____ Source data
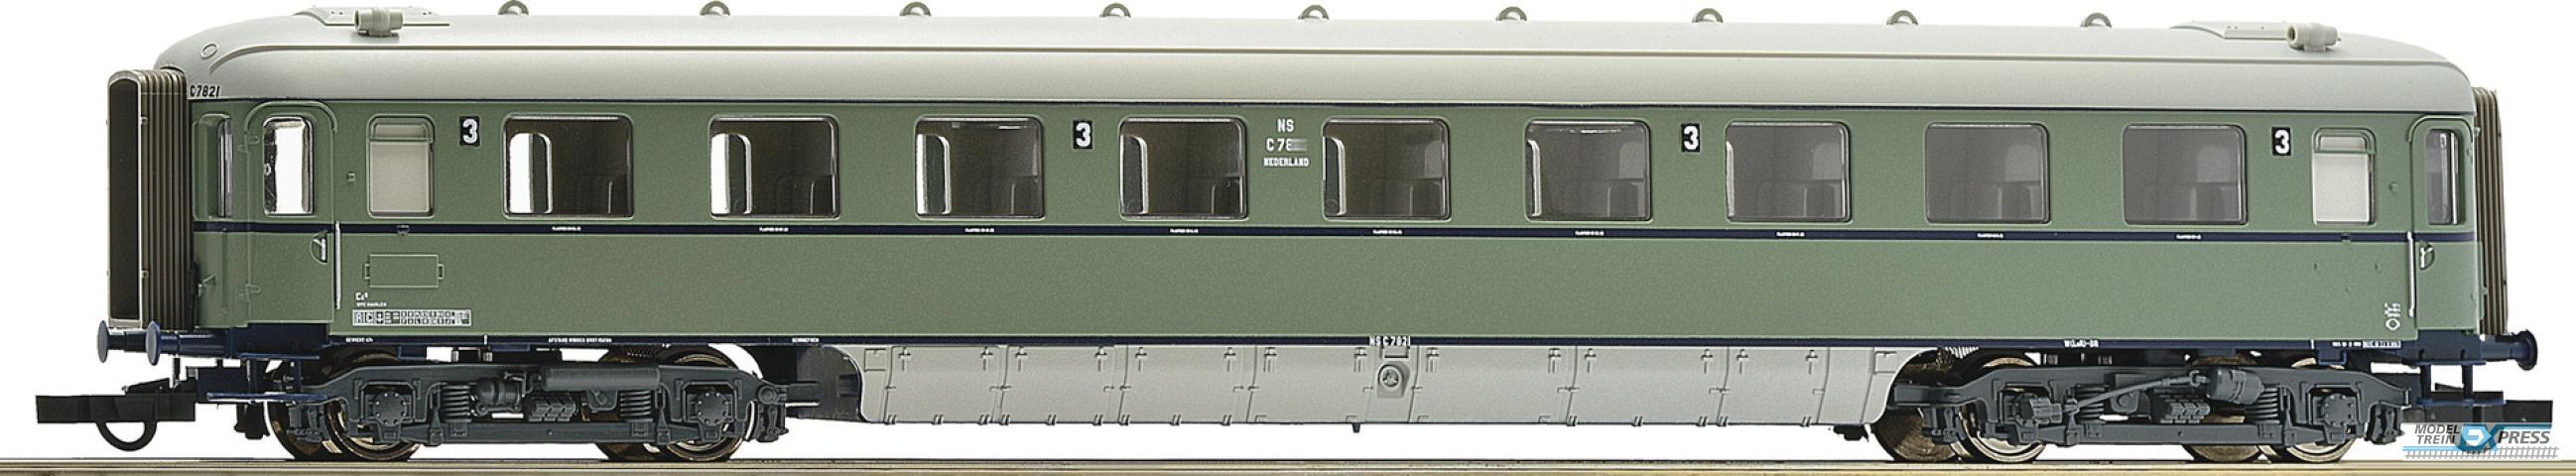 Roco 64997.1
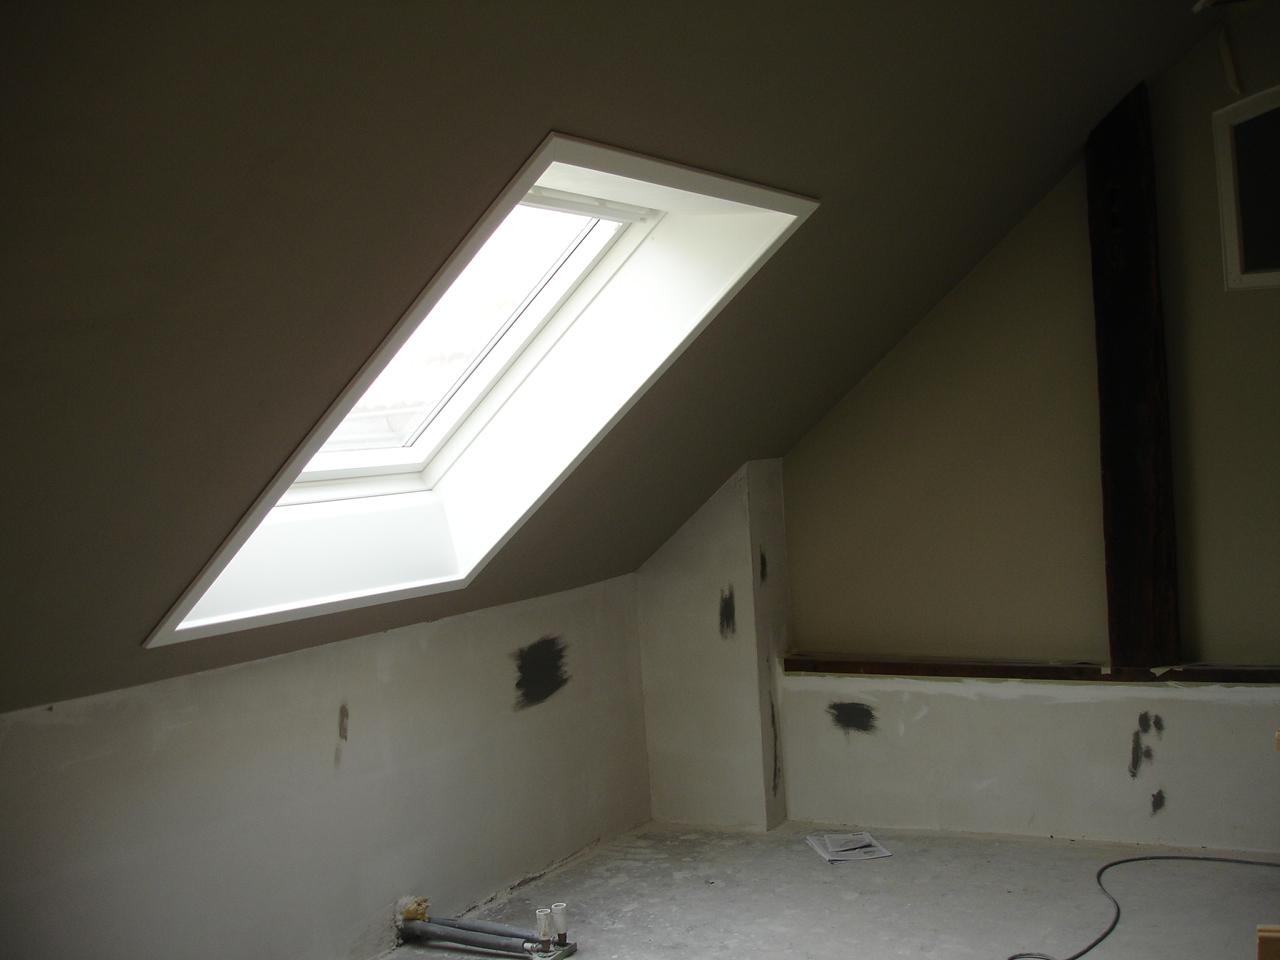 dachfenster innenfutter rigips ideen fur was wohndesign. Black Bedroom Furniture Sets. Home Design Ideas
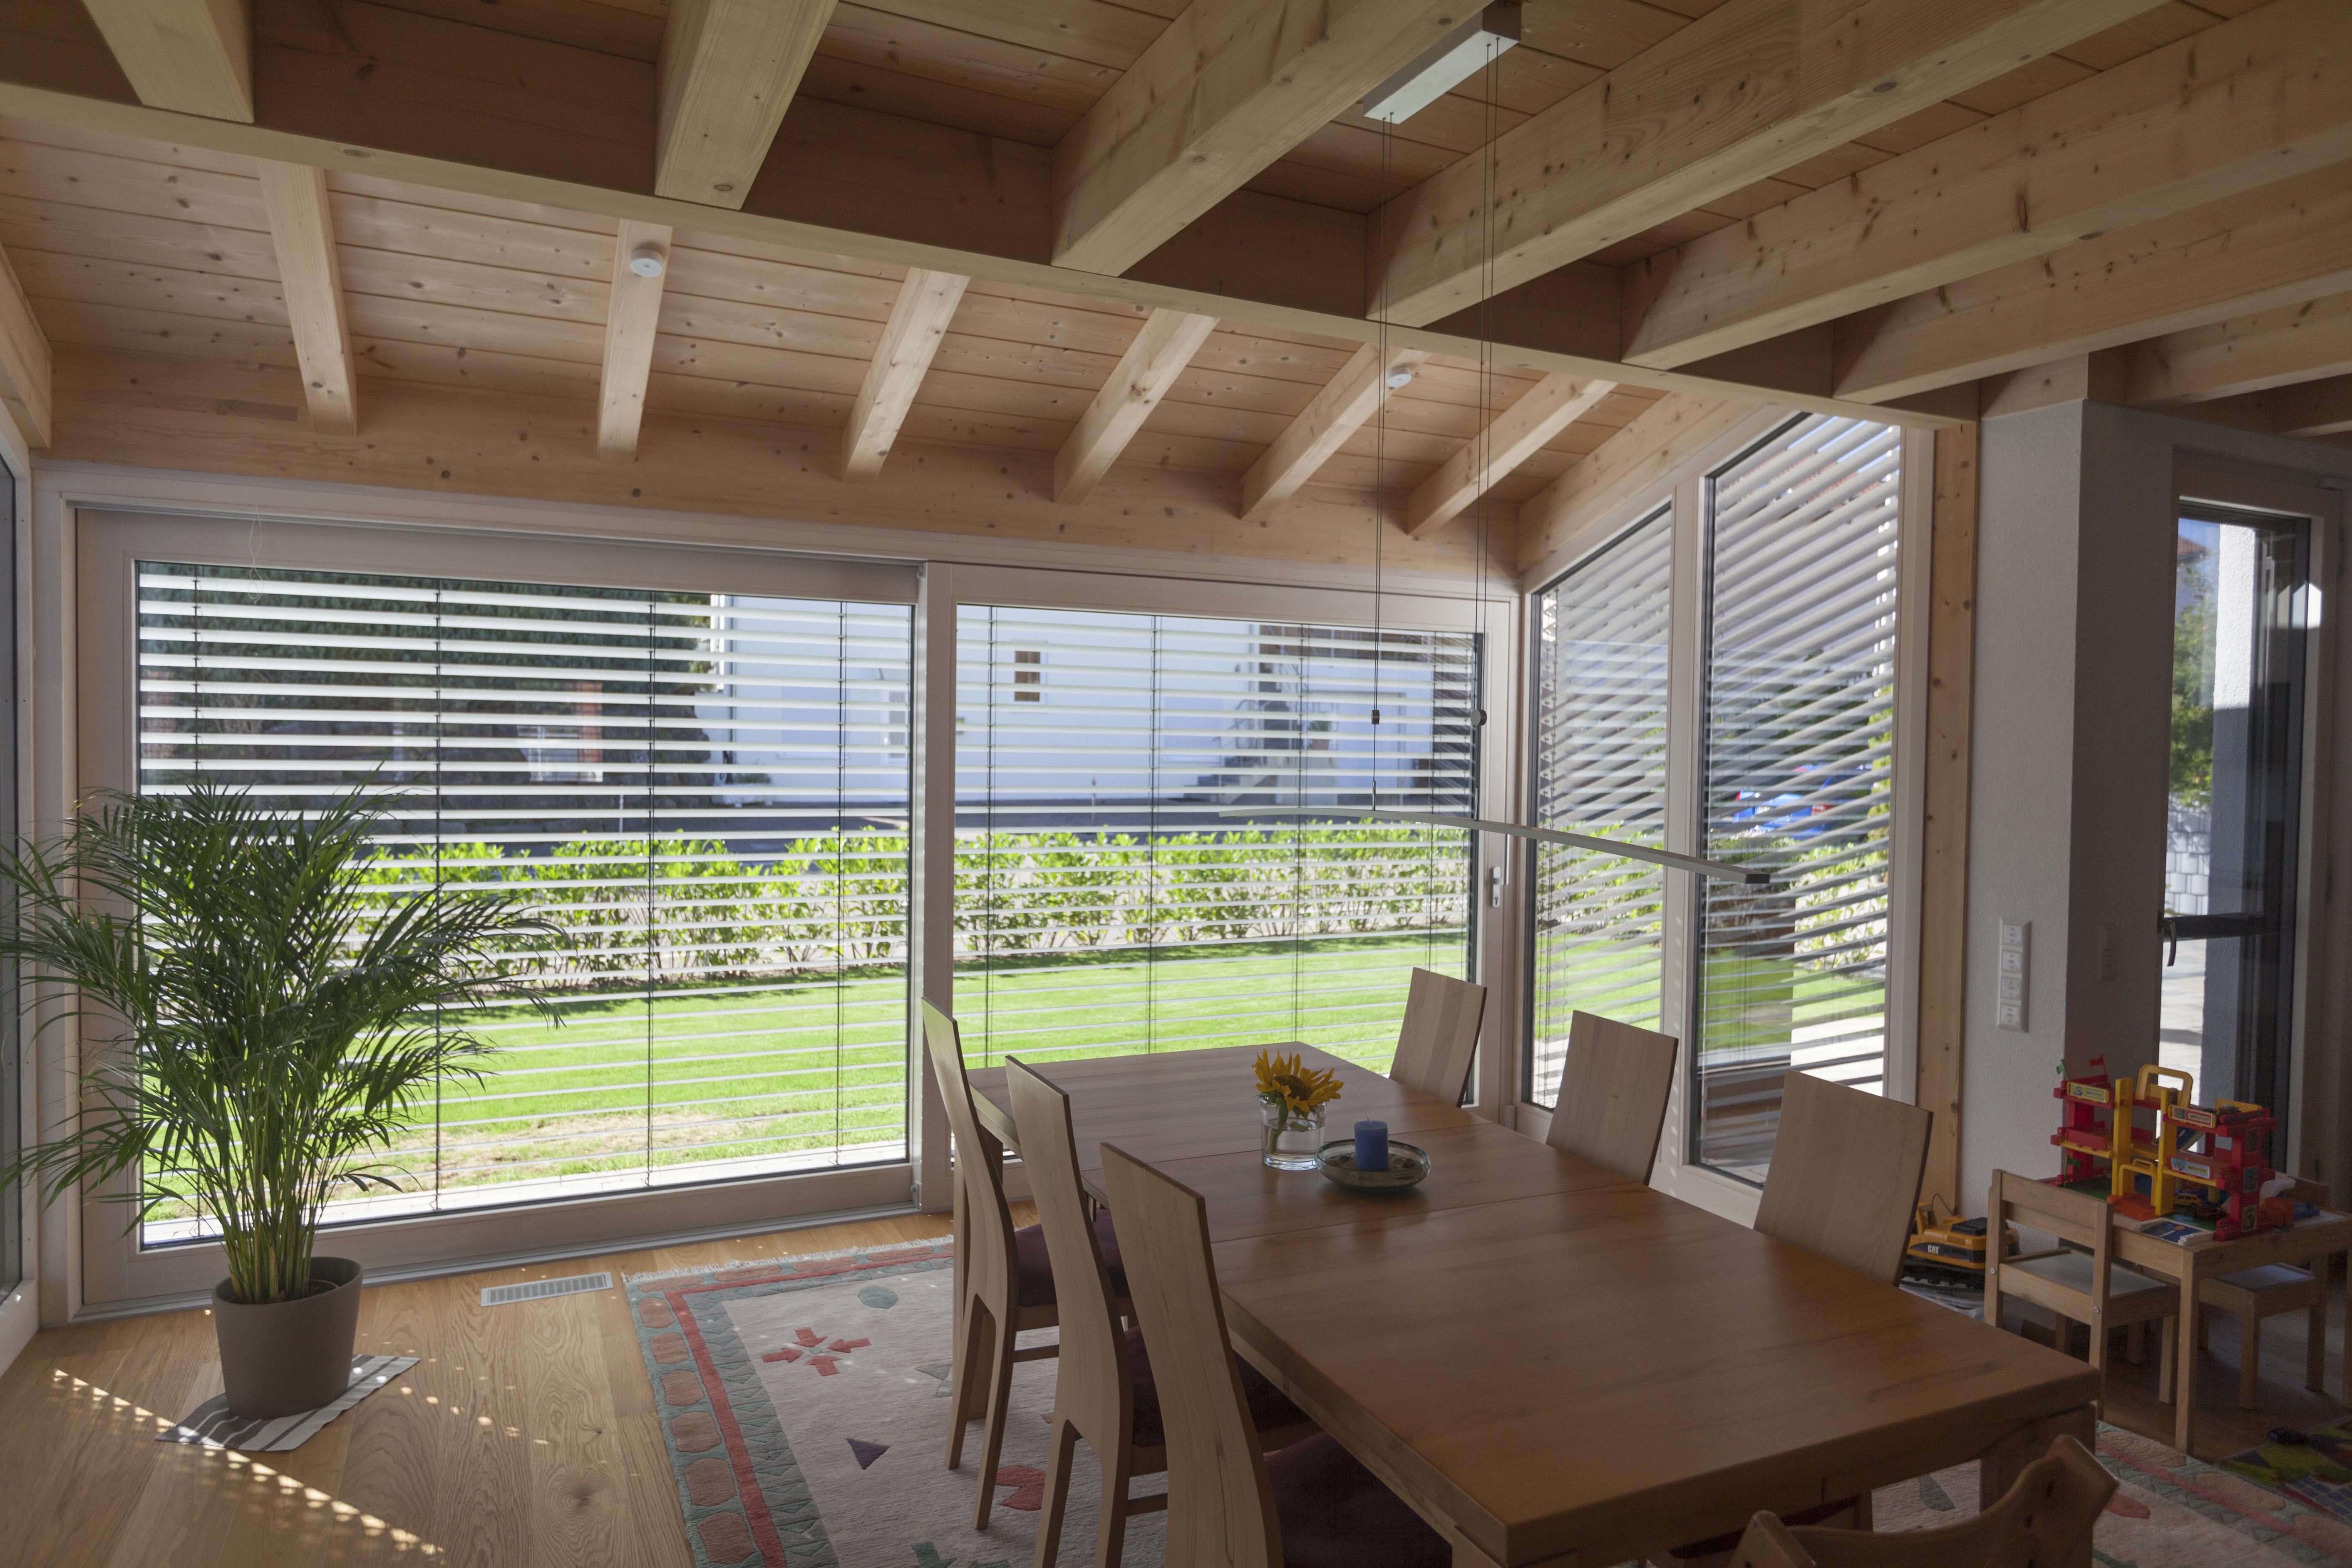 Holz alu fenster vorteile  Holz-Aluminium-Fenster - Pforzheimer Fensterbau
________
Aim of the exercise: Line by line, write out the data above exactly, without the pictures.

Solution to this problem:
 Roco 64997.1
 dachfenster innenfutter rigips ideen fur was wohndesign. Black Bedroom Furniture Sets. Home Design Ideas
 Holz alu fenster vorteile  Holz-Aluminium-Fenster - Pforzheimer Fensterbau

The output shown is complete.